Research indicates that between 2010 and 2019, in many many jurisdictions where data are available, just 10% of defendants facing a debt collection lawsuit had representation, according to Pew. More than 70% of debt collection cases are resolved through default judgment, according to data in several jurisdictions examined by Pew, meaning the consumer has not even appeared in court to defend themselves. 

Defendants may not show up because of work, childcare or other conflicts. But in many cases, they don’t show up because they’re not aware they’ve been sued, legal aid attorneys say. Since ownership of a debt likely changed multiple times by the time a collector goes to sue a consumer, they may not have the most up-to-date address or other contact information. 

In addition, litigation, and regulatory scrutiny suggest that in some cases the process servers hired by debt collectors don’t make much effort to provide consumers with notice of the lawsuit — a phenomenon consumer advocates refer to as “sewer service,” because the process server theoretically throws the lawsuit into the sewer. Servers are typically required to file a court affidavit with information about where and how they served the lawsuit.

Between 1993 and 2013, the debt collection cases being filed each year grew from 1.7 million to 4 million, according to The Pew Charitable Trusts. As of 2013, roughly one in four civil cases was related to debt collection. 

In a conversation with a client facing an issue with a default judgment, it became clear to Desirée Nguyen Orth how little effort the process server put into notifying her client. The director of the consumer justice clinic at East Bay Community Law Center in Berkeley Calif., was going over the proof of service document with the client. The client did not live at the address where the service occurred and the description of the person served was generic, describing a female recipient between 5’2 and 5’8, between the ages of 25 and 35 and weight between 160 and 200 pounds.

“My client laughed,” Orth said. When she asked why the description was funny, he told her there was no one in that home who weighs under 400 pounds.  

It’s rare that there’s such compelling evidence available that a consumer wasn’t served, Orth said. Typically, if a client believes they haven’t been notified of a suit, she advises them to find receipts, location and date-stamped photos, or any other type of documentation that would indicate they weren’t at the address the server visited at the time they visited. That task can be particularly challenging because creditors will wait several years before filing their case and it’s hard for clients to remember exactly where they were so long ago, Orth said. 
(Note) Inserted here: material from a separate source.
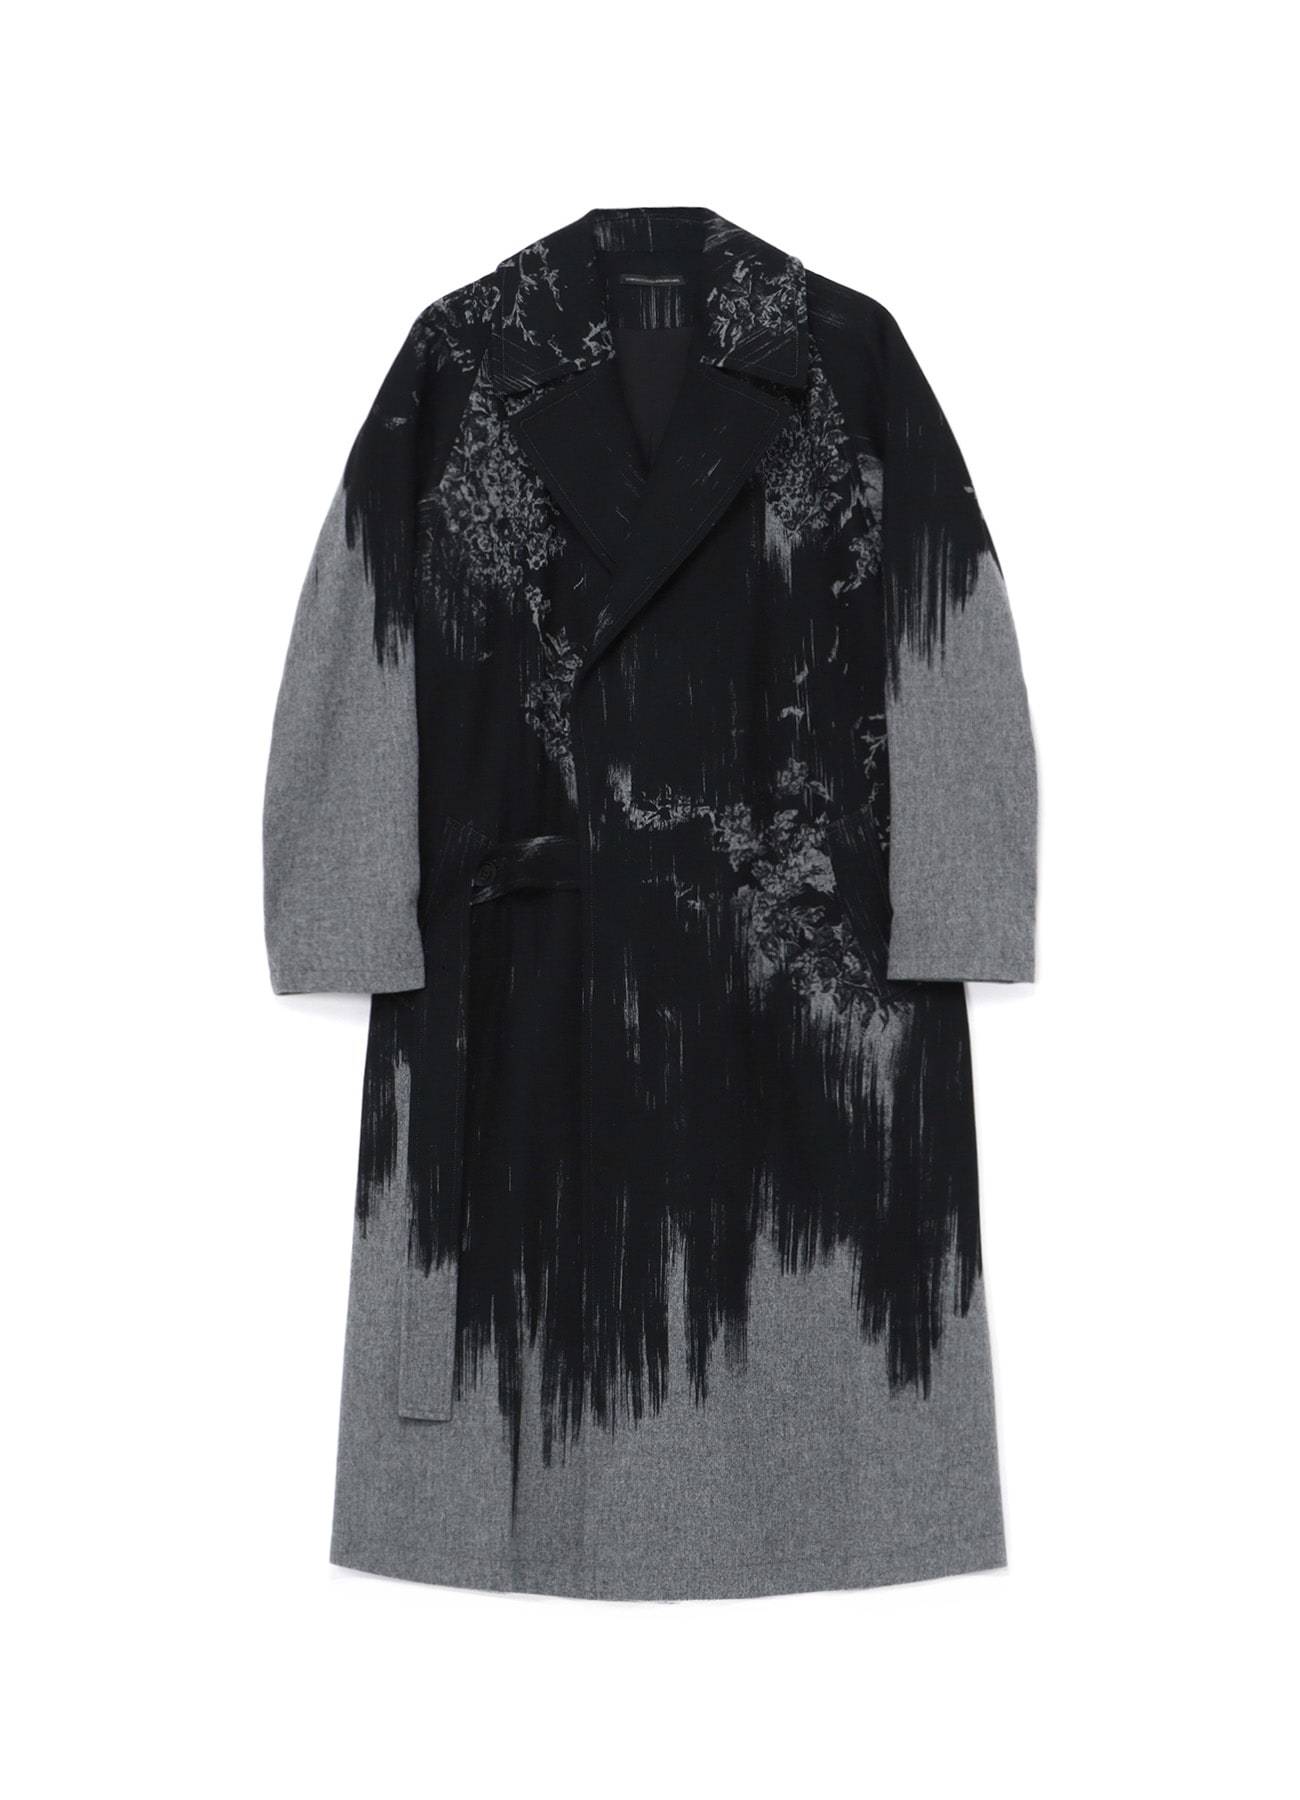 New Arrival | [Official] THE SHOP YOHJI YAMAMOTO (2/11 pages)

Exacerbating both the impact of the high interest rate and the spotty service is that in many states these lawsuits and judgments have relatively lengthy statutes of limitations. In addition, they can often be renewed.  “If you don’t get legal services assistance, people end up paying these judgments and they’ll pay them their entire lives because the interest keeps accruing,” said Carolyn Coffey, director of litigation for economic justice at Mobilization for Justice.

Orth and other consumer attorneys suspect that creditors wait out these periods for as long as possible in part to see if the consumer gets to a phase in life where they may have more income to put towards the judgment and in part to let the interest accrue. 

“That ensures both the ability to collect and a high amount,” she said. 

Donald Maurice, legal counsel for the Receivables Management Association International, said the creditors and debt collectors that are members of his organization don’t sit on judgments and any interest that would accrue on them during the intervening period wouldn’t offset collection costs. Some smaller companies in RMAI’s membership have expressed concern about a provision in the New York bill that would retroactively apply lower rates to past judgments that haven’t been paid because it could cost them to recalculate those judgments, he said. 

“Persons who have judgments against them are financially distressed, the problem is not trying to collect more on the judgment, the problem is trying to collect any amount,” he said. “It just doesn’t make sense that anyone who is practicing good compliant business practices is going to want to sit on judgments to accrue interest.”